### Task to complete:
Would you retype the whole listing exactly, leaving its pictures out?

### Recorded data:
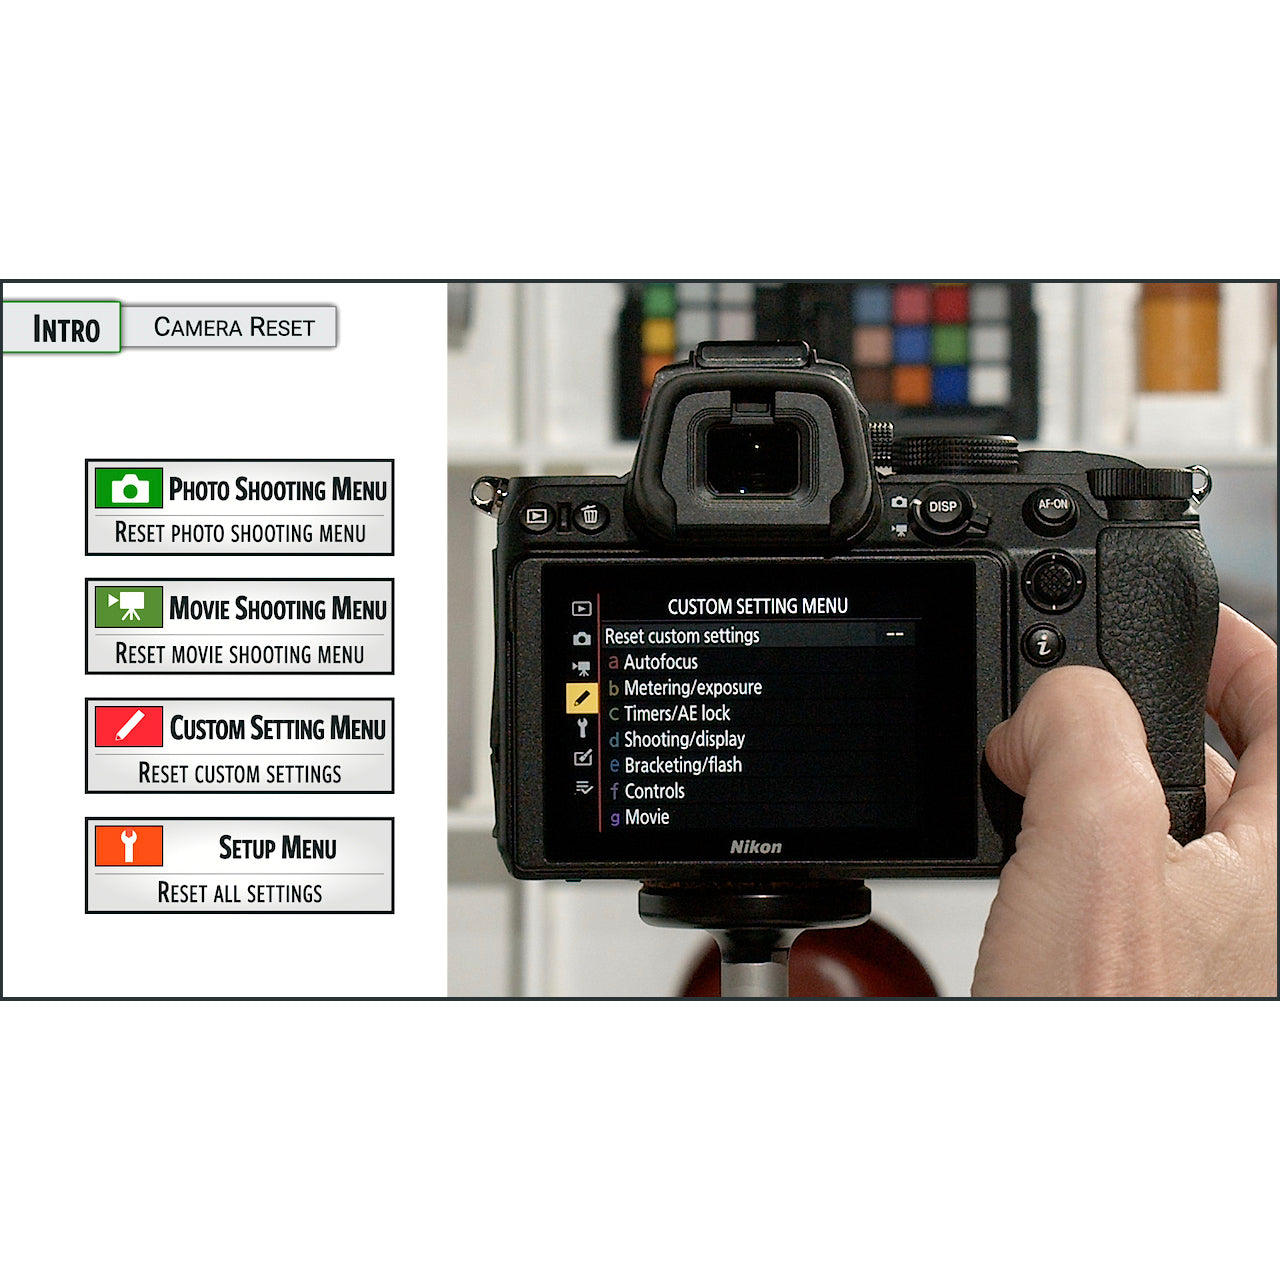 Nikon Z5: Complete Camera Guide
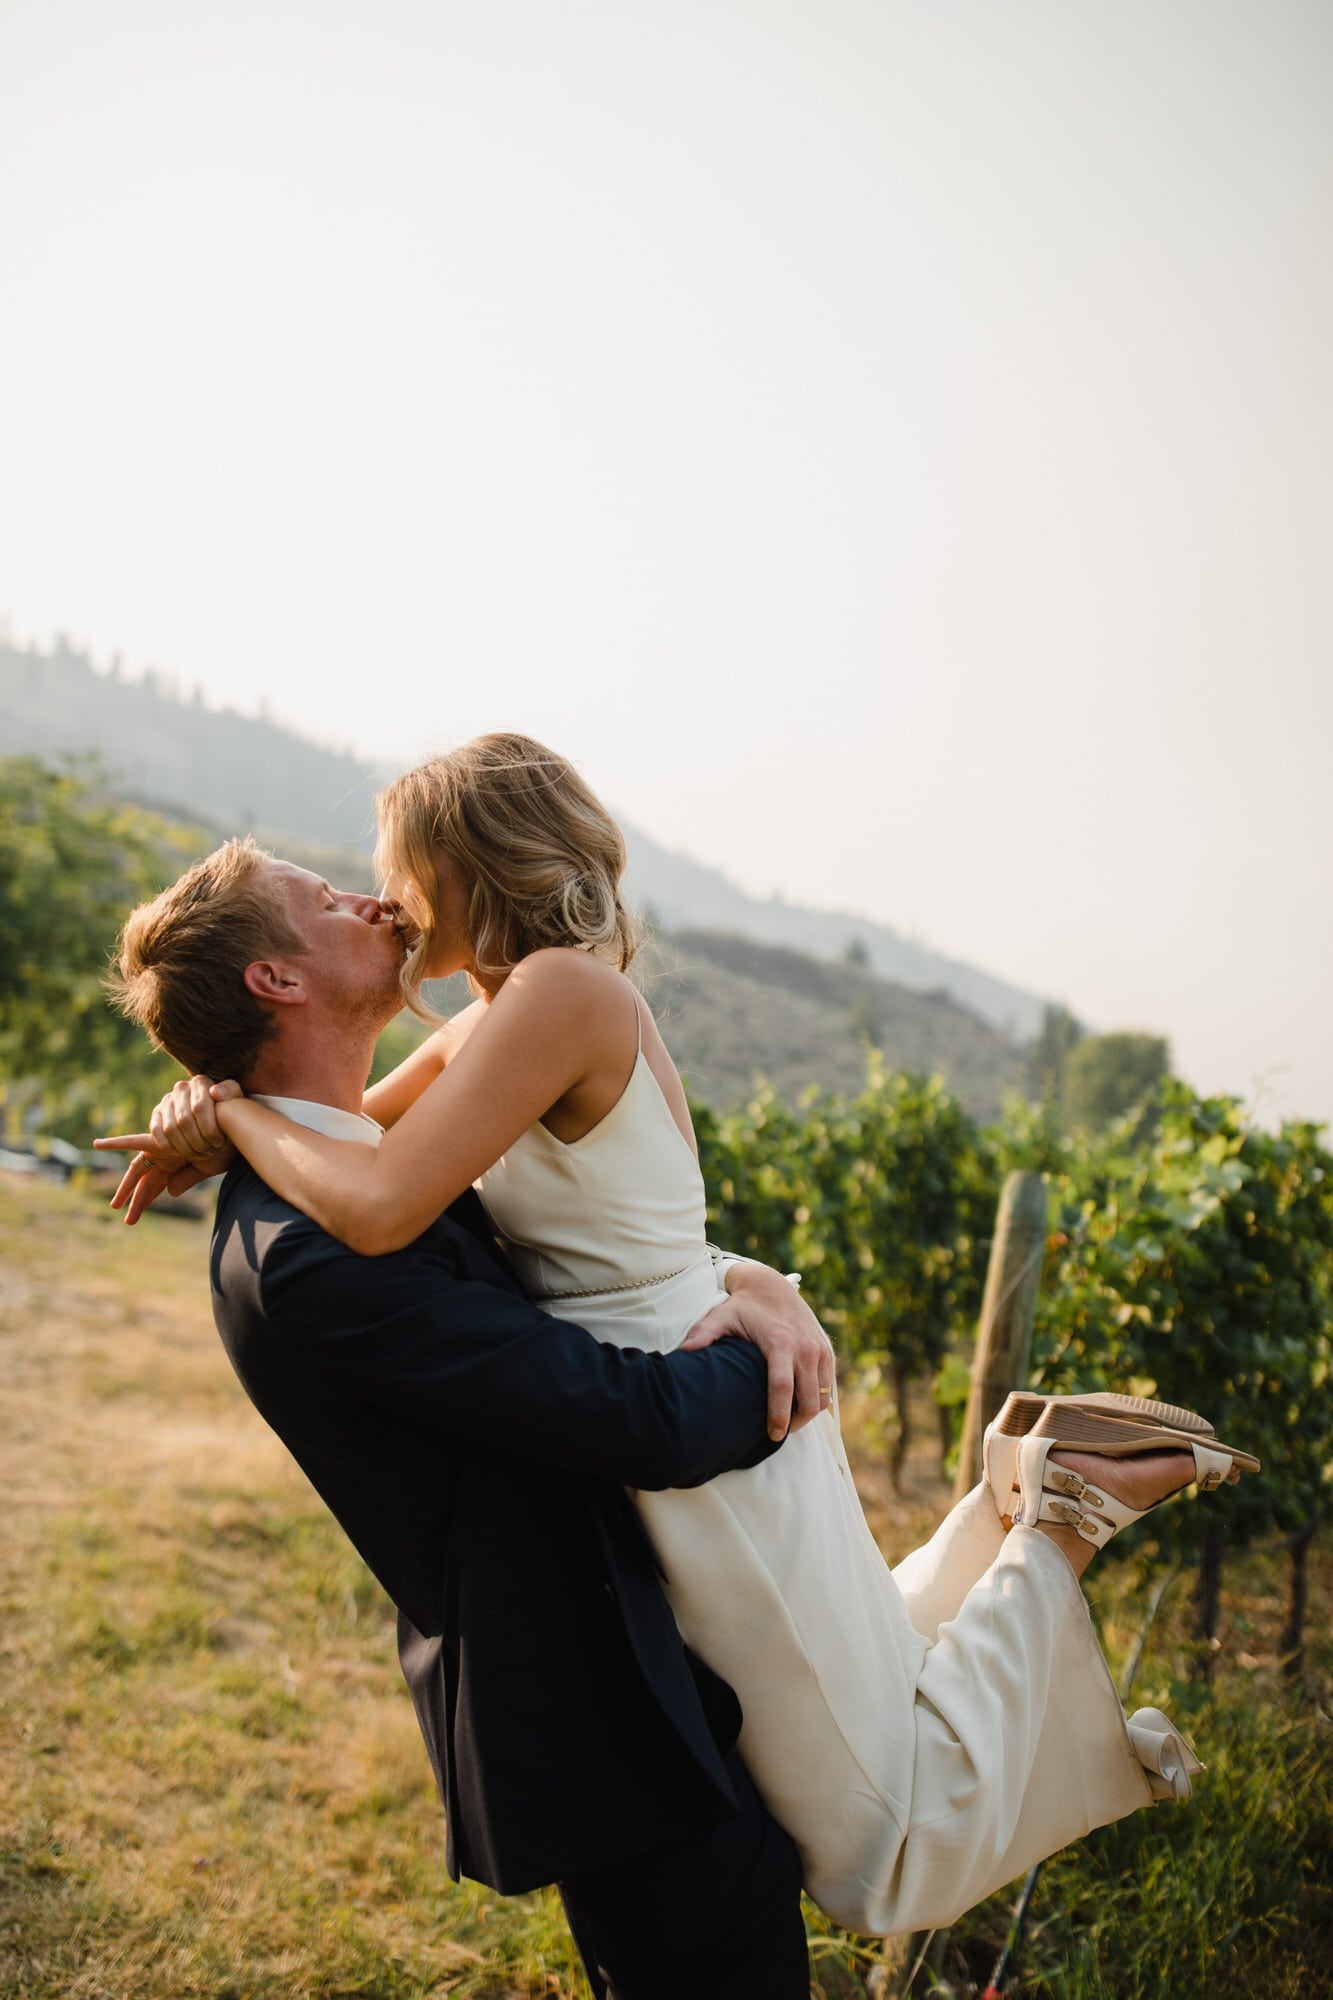 Groom lifts the bride for a kiss at Evolve Cellars Vineyard on Lake Okanagan, Summerland, BC. Destination wedding photographer Brent Calis.
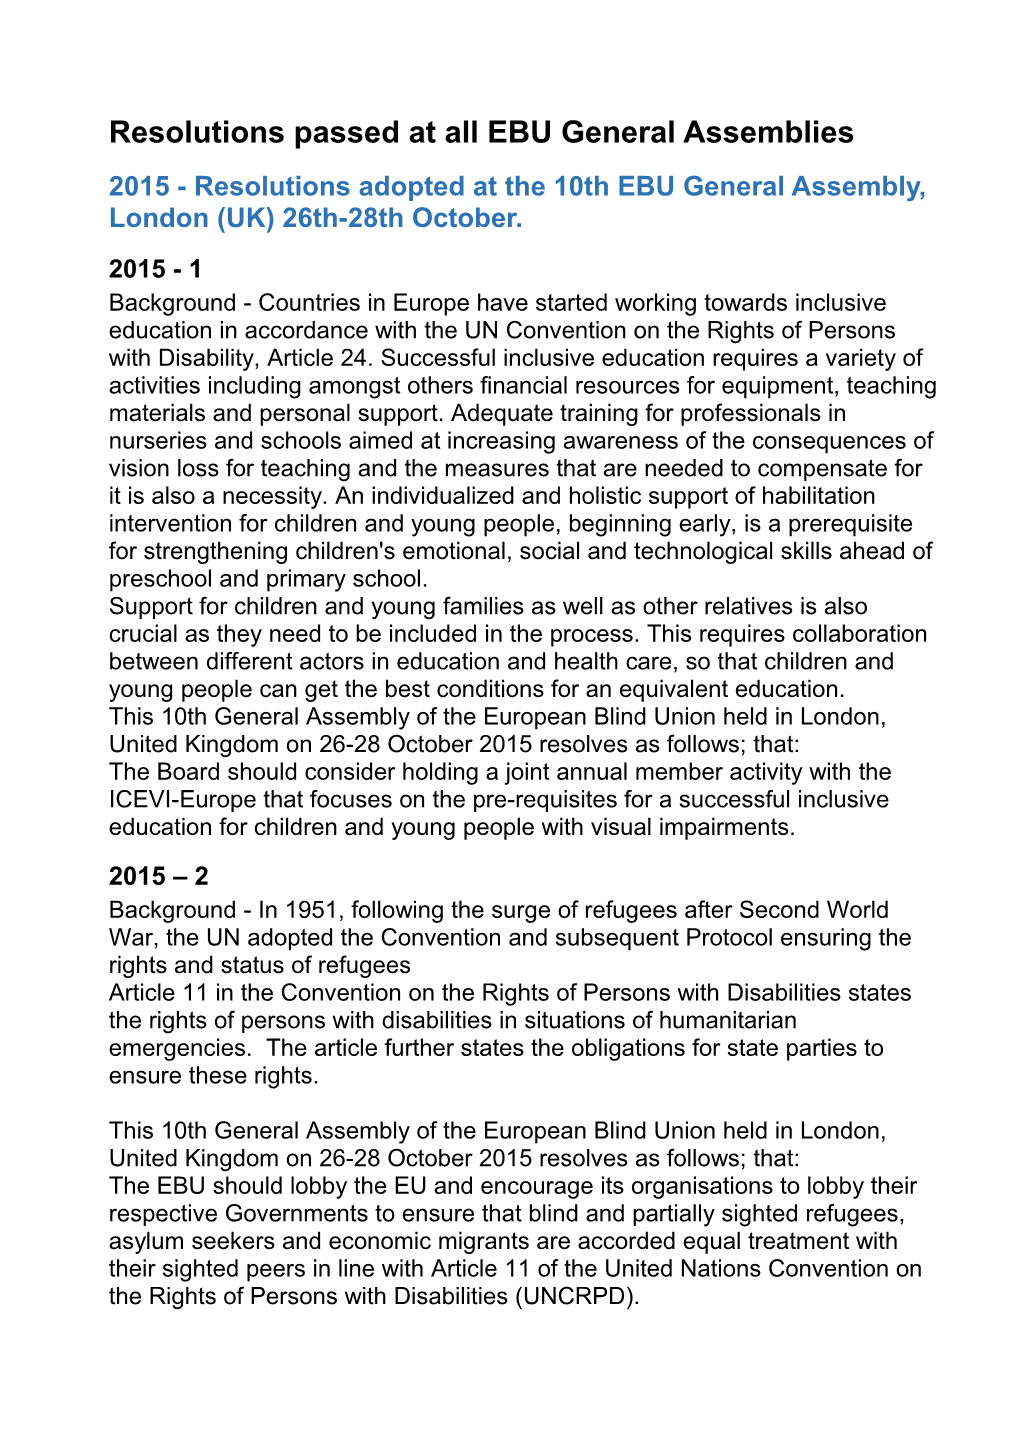 Resolutions Passed at All EBU General Assemblies

### Expected answer:
 Nikon Z5: Complete Camera Guide
 Groom lifts the bride for a kiss at Evolve Cellars Vineyard on Lake Okanagan, Summerland, BC. Destination wedding photographer Brent Calis.
 Resolutions Passed at All EBU General Assemblies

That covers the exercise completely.